The visual editor is the right starting point. When the workflow is locked and you need a cleanly typed endpoint, the SDXL Turbo guide shows the code-first flow.

***

## Troubleshooting

| Issue                                                     | Fix                                                                                                                                                                  |
| --------------------------------------------------------- | -------------------------------------------------------------------------------------------------------------------------------------------------------------------- |
| macOS: "can't be opened, unidentified developer"          | Right-click `.command` → **Open** → **Open**.                                                                                                                        |
| Windows: SmartScreen blocks the `.bat`                    | **More info** → **Run anyway**.                                                                                                                                      |
| Launcher fails to install `uv`                            | Install it manually: `curl -LsSf https://astral.sh/uv/install.sh \| sh` (macOS) or `irm https://astral.sh/uv/install.ps1 \| iex` in PowerShell (Windows). Re-launch. |
| Deploy fails with `401 Unauthorized` on a HuggingFace URL | The model is gated. Set the **HuggingFace token** in admin Settings and re-deploy — the admin UI pushes it to fal secrets automatically.                             |
| Runner stuck in `SETUP` for several minutes               | Normal on first cold start while weights download (5–10 min).                                                                                                        |
| Two runners spawn for one user                            | Lower `max_concurrency`: `fal apps scale <app> --max-concurrency 1`.                                                                                                 |
| Port already in use on `:9999`, `:9998`, or `:8188`       | The launcher auto-kills stale instances on next start.
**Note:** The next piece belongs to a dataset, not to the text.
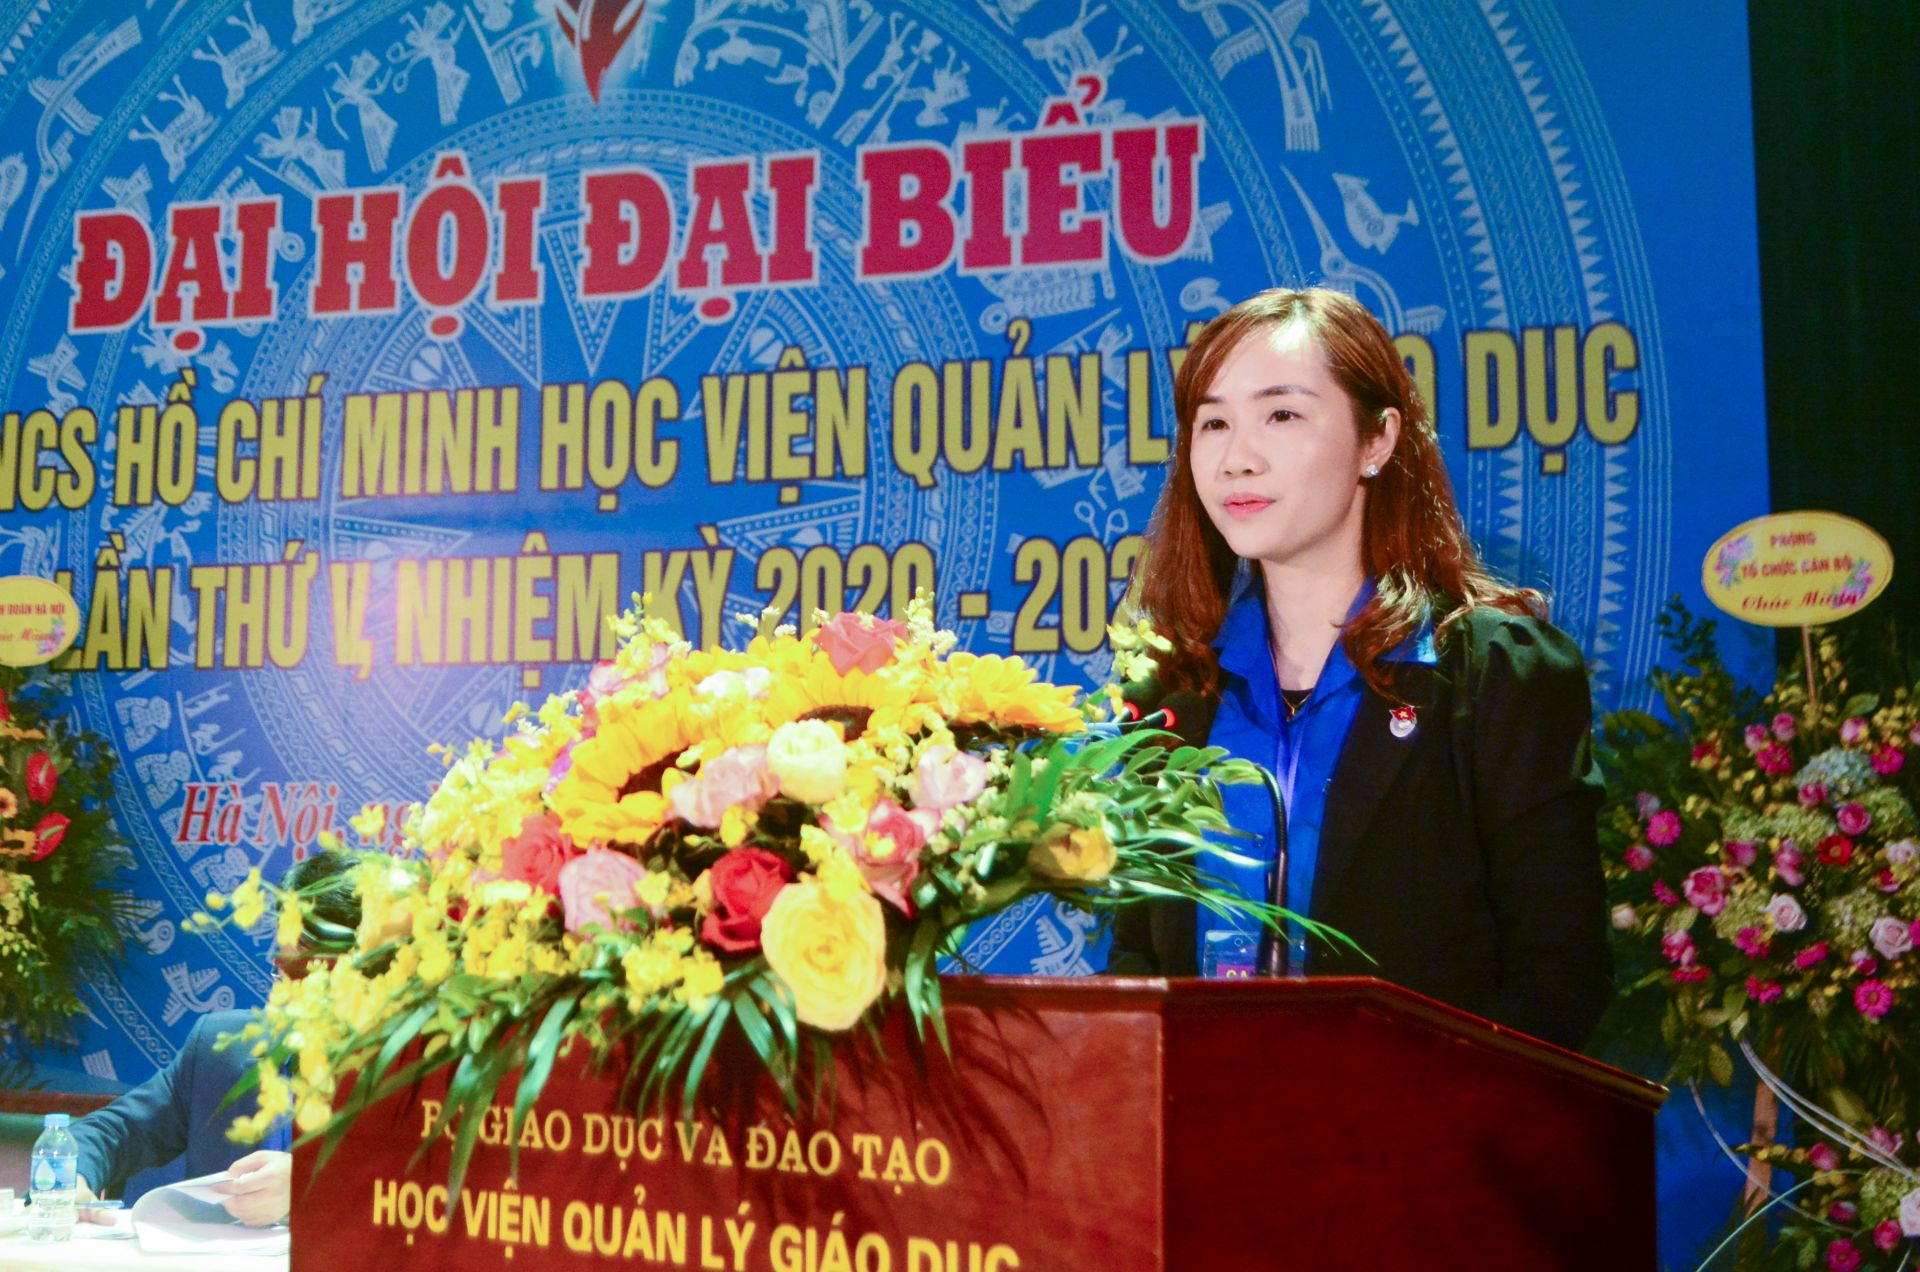 Đ/c Nguyễn Thị Loan, Bí thư Đoàn Thanh niên Học viện nhiệm kỳ 2017-2020 trình bày báo cáo kết quả công tác đoàn và phong trào thanh niên giai đoạn 2017-2020

If something else is binding the port, close it before relaunching.                                           |
| Stop everything                                           | Close the launcher terminal window. The proxy and admin UI shut down with it.                                                                                        |

***

## Uninstall

Delete the unzipped folder. Everything is self-contained — local Python venv, models cache, env file, logs. Nothing is installed globally.